◆ SUPPLIED MATERIAL
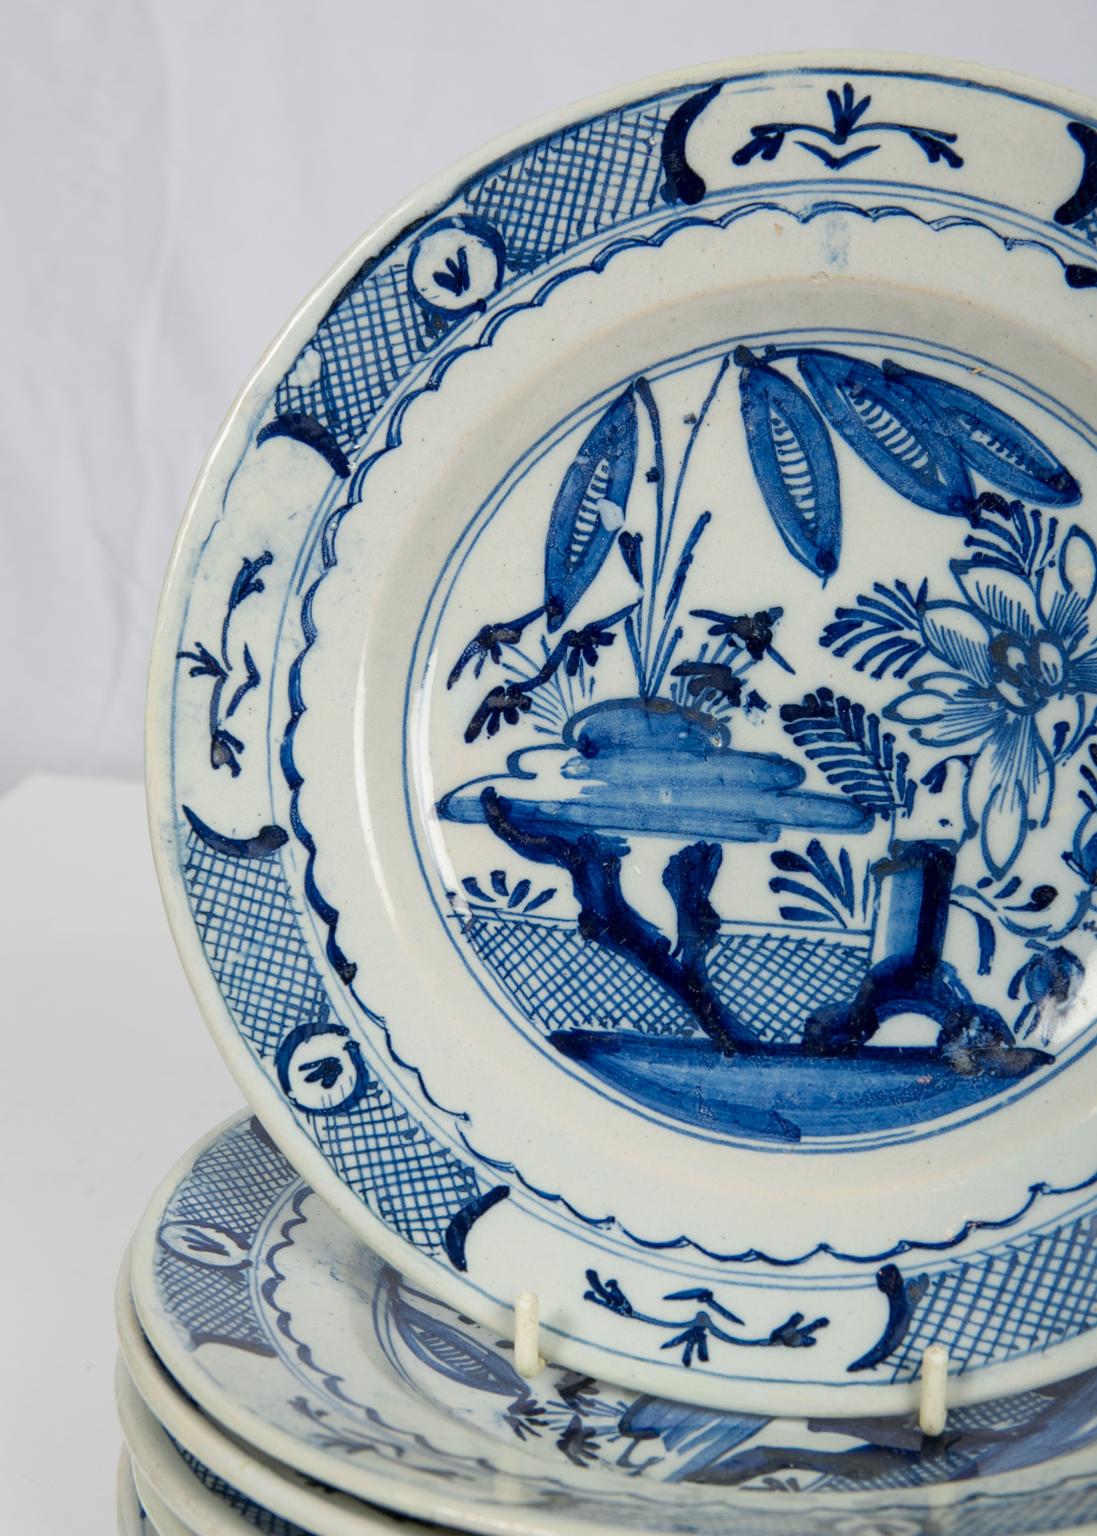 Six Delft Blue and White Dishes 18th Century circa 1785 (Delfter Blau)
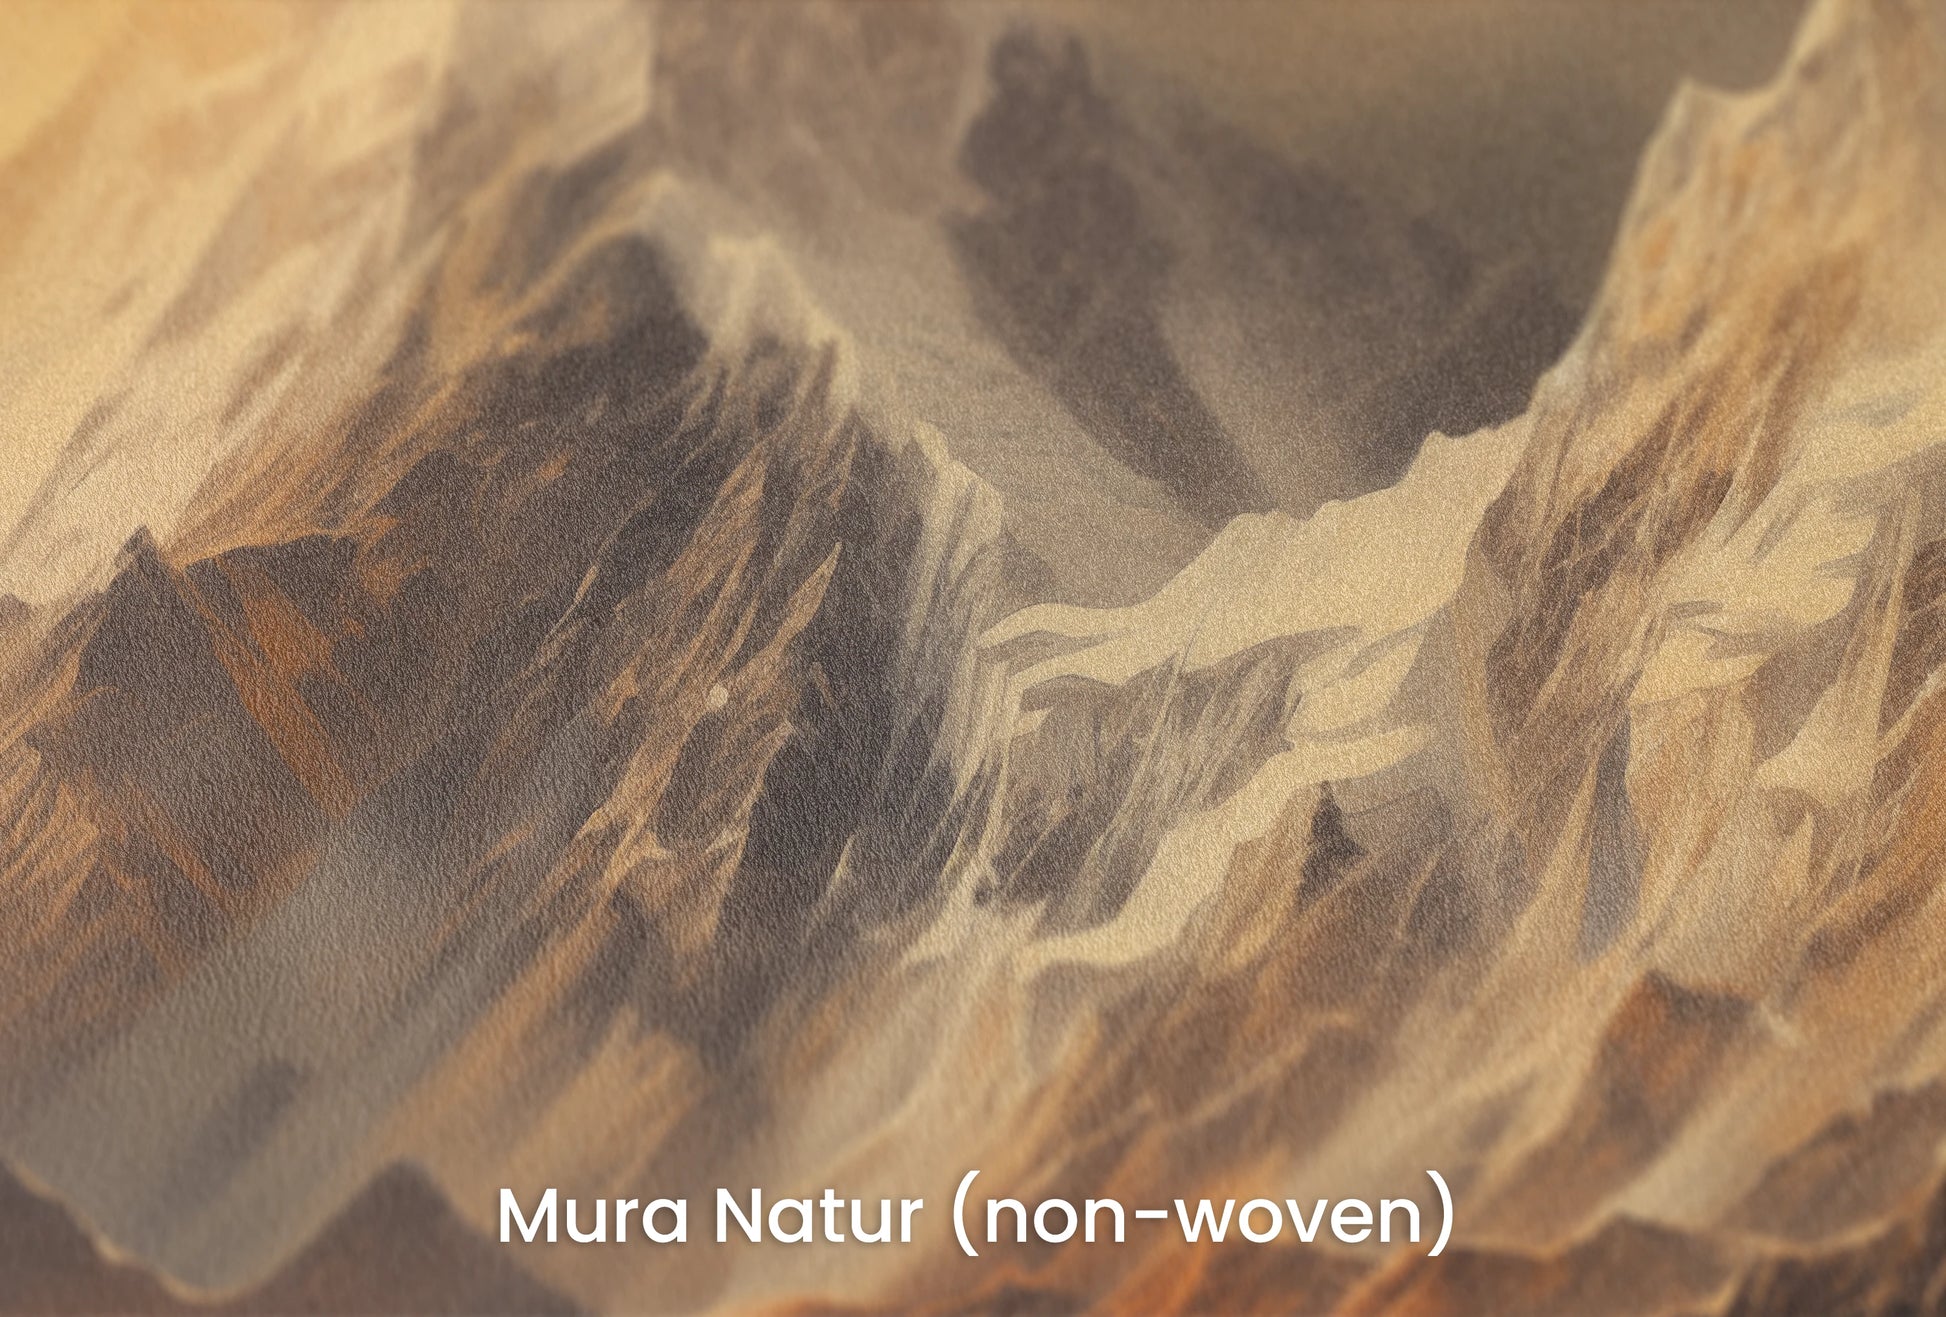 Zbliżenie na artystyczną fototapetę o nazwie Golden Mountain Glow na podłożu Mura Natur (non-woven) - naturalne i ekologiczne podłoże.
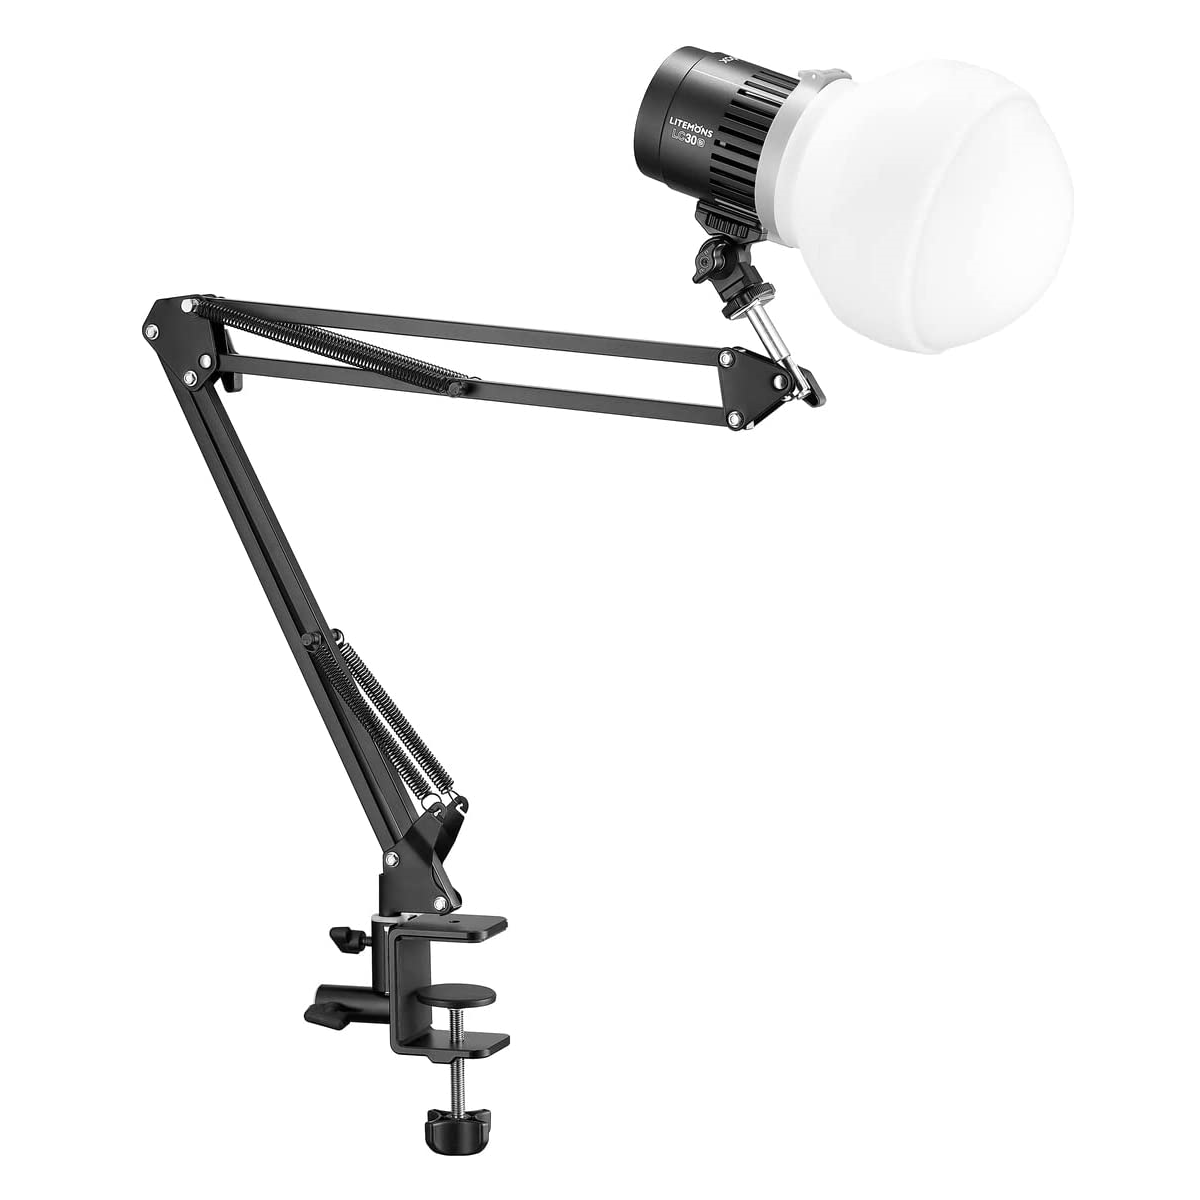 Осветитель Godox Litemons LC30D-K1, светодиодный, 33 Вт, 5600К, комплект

◆ WORK ITEM
Retype the whole listing, keeping every line identical and omitting all pictures.

◆ SOLUTION TO THIS TASK
 Six Delft Blue and White Dishes 18th Century circa 1785 (Delfter Blau)
 Zbliżenie na artystyczną fototapetę o nazwie Golden Mountain Glow na podłożu Mura Natur (non-woven) - naturalne i ekologiczne podłoże.
 Осветитель Godox Litemons LC30D-K1, светодиодный, 33 Вт, 5600К, комплект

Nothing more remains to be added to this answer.